Reporters on the Job

BEDSIDE MANNER: Before the war in Iraq started, Monitor contributor Nicholas Blanford had talked with men in Beirut - where Nick lives - about their plans to help in the fight against the US. So when Nick traveled to Syria, he hoped to talk to someone there who had actually made the journey (page 1). Some asking around brought him to the hospital bedside of Fahd. The "very ordinary" 18-year-old - who left home without telling his parents - would not talk with the Arab network Al Jazeera, but was willing to talk with Nick, a foreigner, as he recovered from wounds that have left him partially paralyzed.

The teenager's trip had devastated his parents, says Nick. "When Fahd arrived at the hospital, he called his family and simply told them to come get him. The father and uncle drove two hours to Damascus. They knew nothing of his condition. Fahd, who was otherwise quite chatty, choked up as he told of the moment when desperately saddened father realized that his oldest son, in whom an Arab father puts all his aspirations, was now crippled."

Nick says the vast majority of volunteers saw this as their Islamic duty. "So all these guys ran off to the pan-Arab cause, and are now deeply disillusioned by Iraq's quick collapse. It raises the question of how they will handle this sense of humiliation in the future - whether they will be fodder for militancy."

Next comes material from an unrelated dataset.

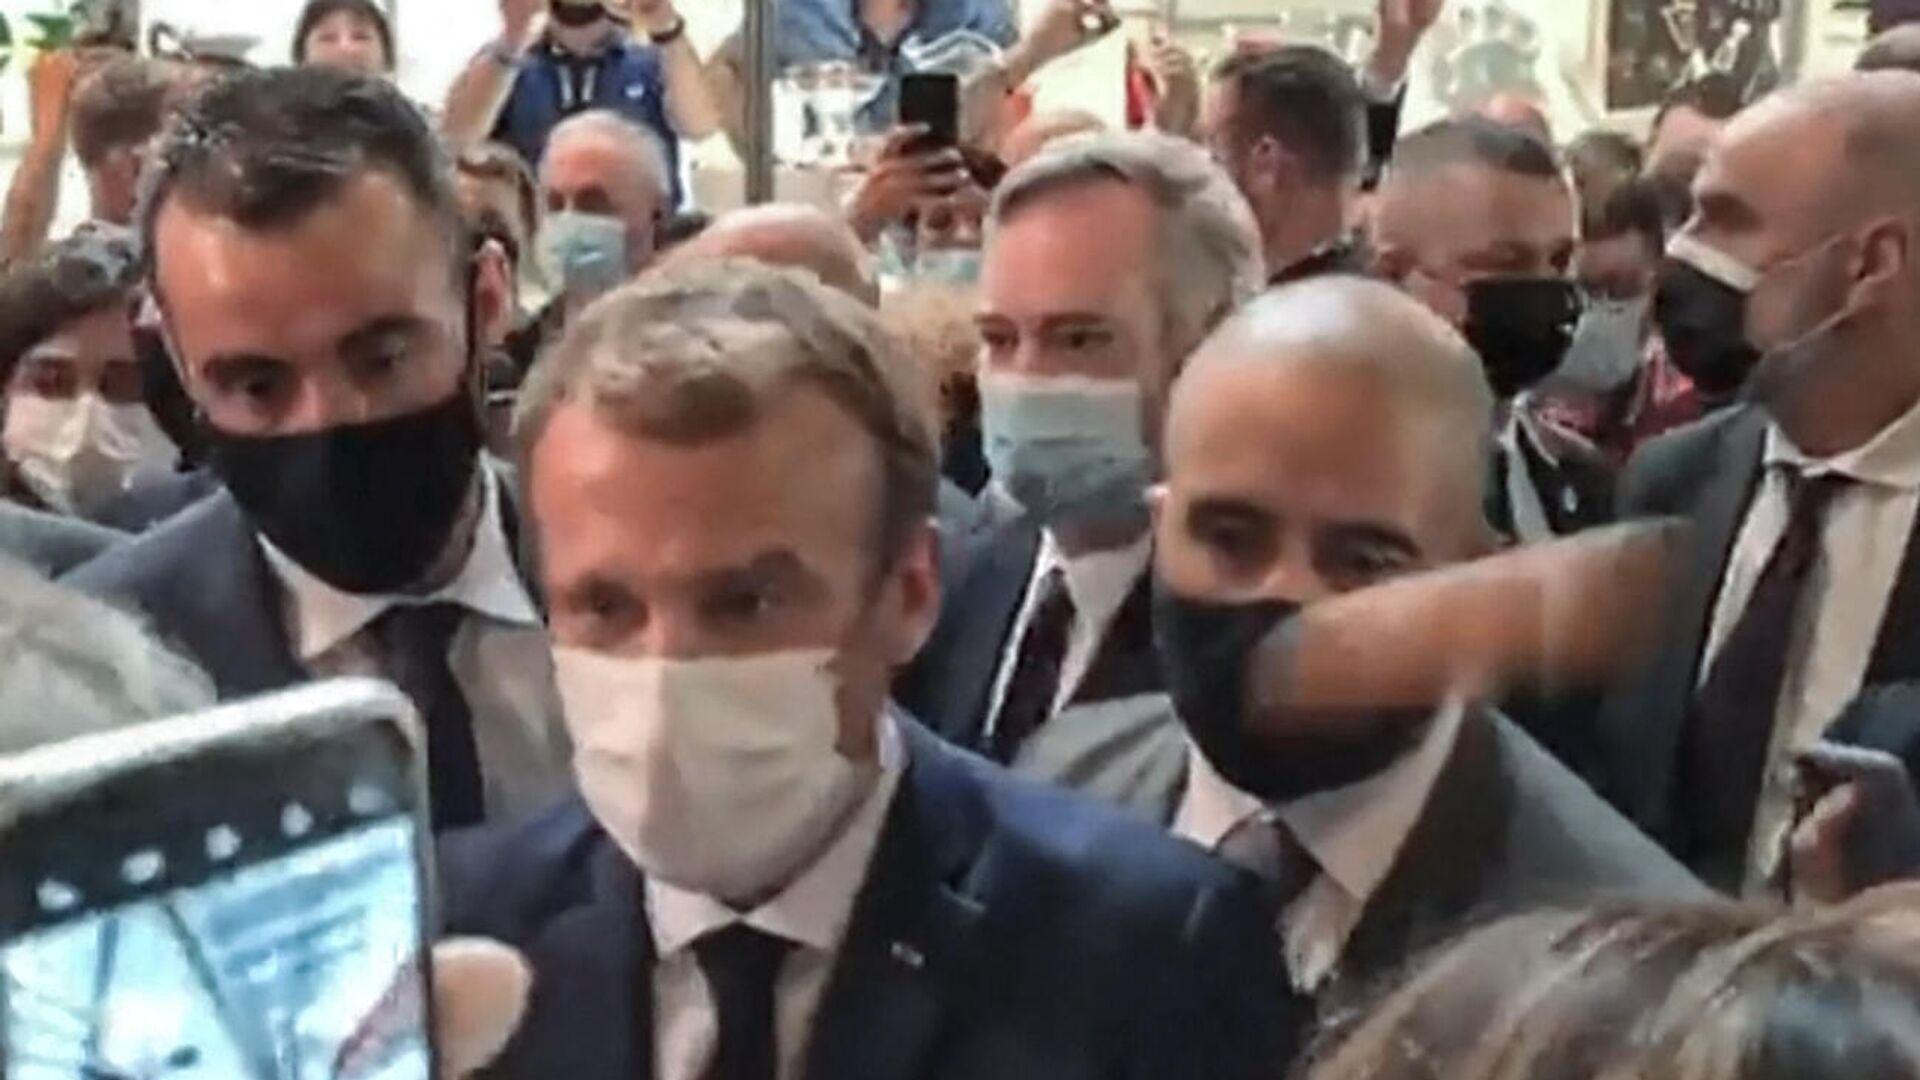 Eier-Attacke auf Frankreichs Staatspräsident Emmanuel Macron. Lyon, 27. September 2021 - SNA, 1920, 28.09.2021

STAY TUNED: Just after the fall of the Iraqi city of Kirkuk, the Monitor's Ilene Prusher was working on her laptop computer when a resident approached her.

"She asked me if my computer was the Internet," Ilene says. "I said no, but that it could give you access to the Internet. She was really interested, but didn't really know what the Internet was."

Ilene started with the basics - like explaining what a laptop was. "She was amazed to see me working with no plugs. She kept saying, I've never seen these things. We've been kept in this primitive society, and we don't know anything."